Germany is an example of a country that faces a dramatic population aging and has a very large PAYG pension system. In the year 2003, public pensions amount to 13 percent of GDP. The PAYG pension benefits make up 80 to 85 percent of the retirement income of the average German household (see Börsch-Supan, Reil-Held, Schnabel 2001). The German pension Reform of 2001 will gradually reduce the net replacement rate of the public pension system from around 70 to 64 percent. Further reductions are inevitable given the severity of population aging. Parallel to the reduction of replacement rates, the reform of 2001 introduces a tax-preferred treatment of contributions to private pension plans. The German pension reform requires (among many other rules) a nominal capital guarantee for pension contributions, which is equivalent to a nominal zero percent return rule. The guarantee has to be met at the end of the accumulation phase. There are at least two motivations for this regulation. First, it is argued that uninformed consumers should be protected by a minimum return rule.

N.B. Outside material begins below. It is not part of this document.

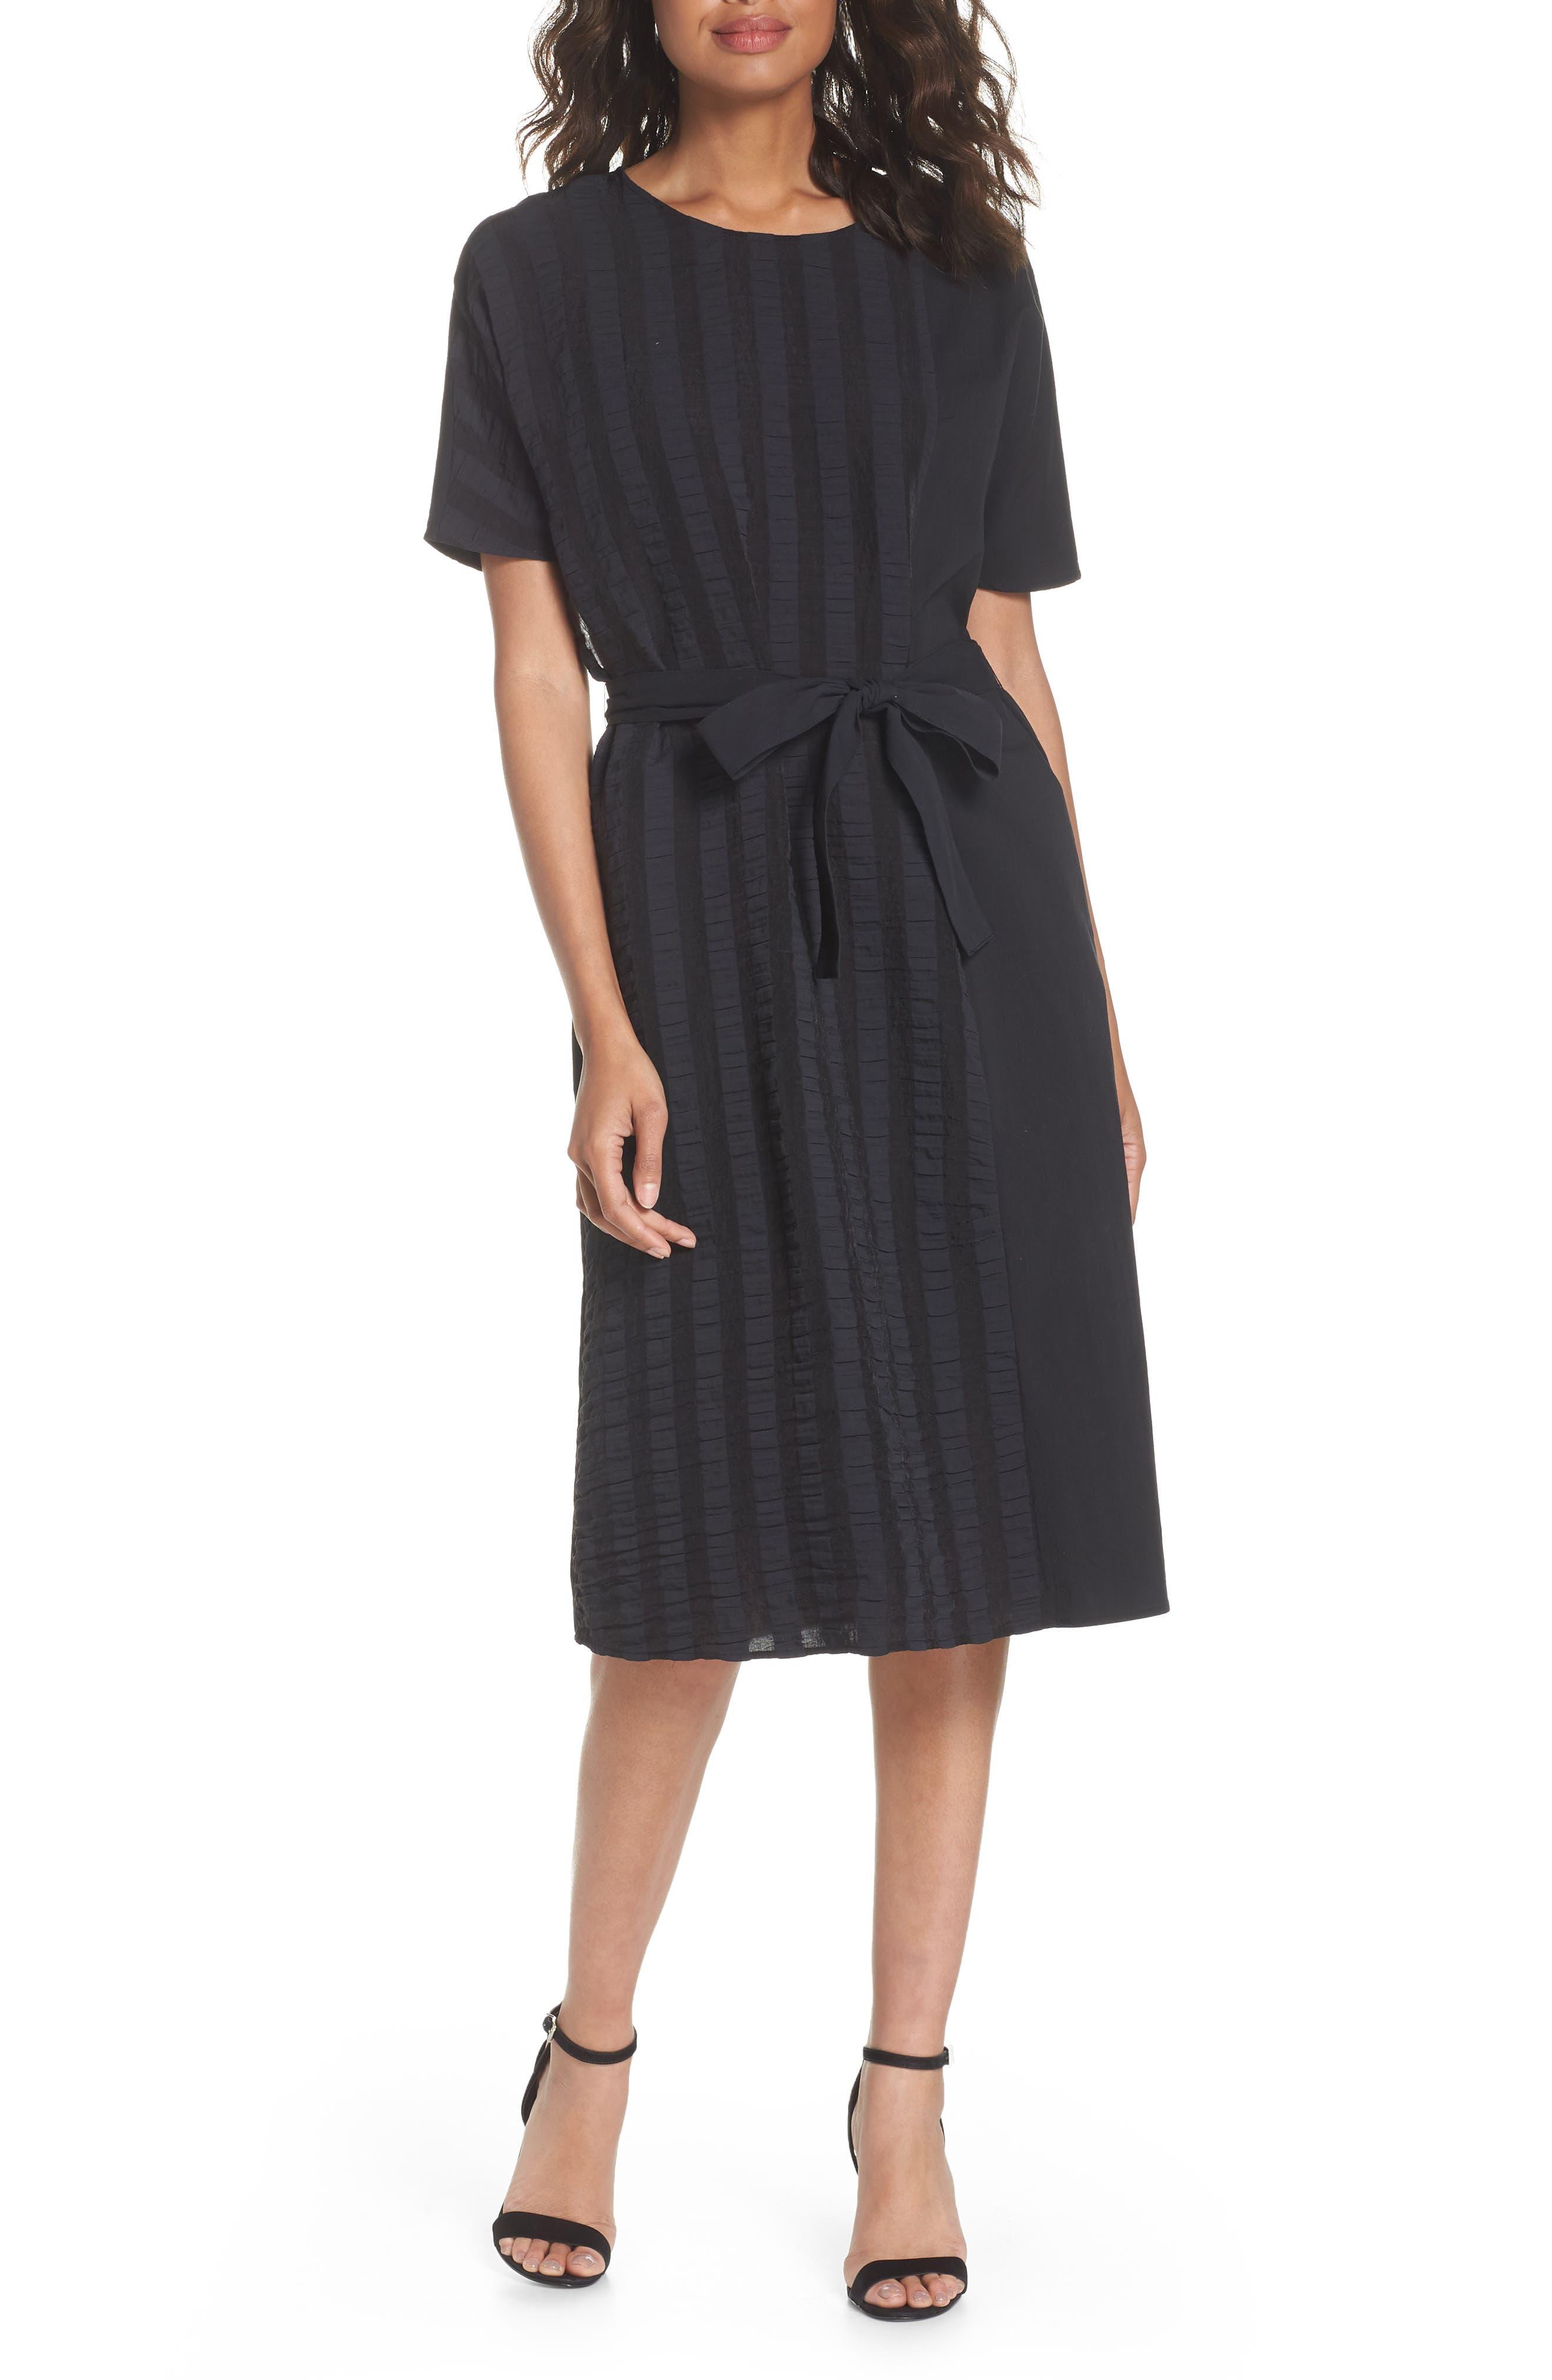 Throwing Shade Midi Dress,                         Main,                         color, Black

Second, the downside risk of investment strategies is limited due to the welfare system which guarantees a minimum income at old age. This may encourage inefficiently risky investment strategies; a capital guarantee limits this moral hazard problem. In this chapter the costs of this capital guarantee in terms of final wealth levels and certainty equivalents for different degrees of risk aversion are assessed.
The costs of quantitative investment regulations have been the subject of much controversy in the literature (see Davis 2001a, 2001b). The requirement of a minimum return guarantee is one of the most widely discussed forms of regulating pension plans, especially in the light of recent reforms in Latin American countries which have switched to funded pension schemes (see Vittas 1998). The pension literature is divided regarding the benefit or harm associated with minimum return guarantees. For one, the issue of appropriate pricing of guarantees in terms of option pricing theory is controversial (see Fischer 1998). Moreover, if there are minimum guarantees and the portfolio choice is not restricted, the moral hazard problem might become very costly.
Smetters (2002) suggests guaranteeing a „standardized portfolio" and letting individuals carry the risk of choosing a non-standard portfolio. Furthermore, he proposes to tax portfolio returns in good states of the world and subsidize returns in bad states of the world. Jensen and Sorensen (2000) consider minimum return guarantees for pension plans in terms of an embedded put-option which the individual is forced to buy, thus, indirectly restricting the portfolio choice. They find that moderately risk averse investors suffer utility loss if forced to purchase such a guarantee.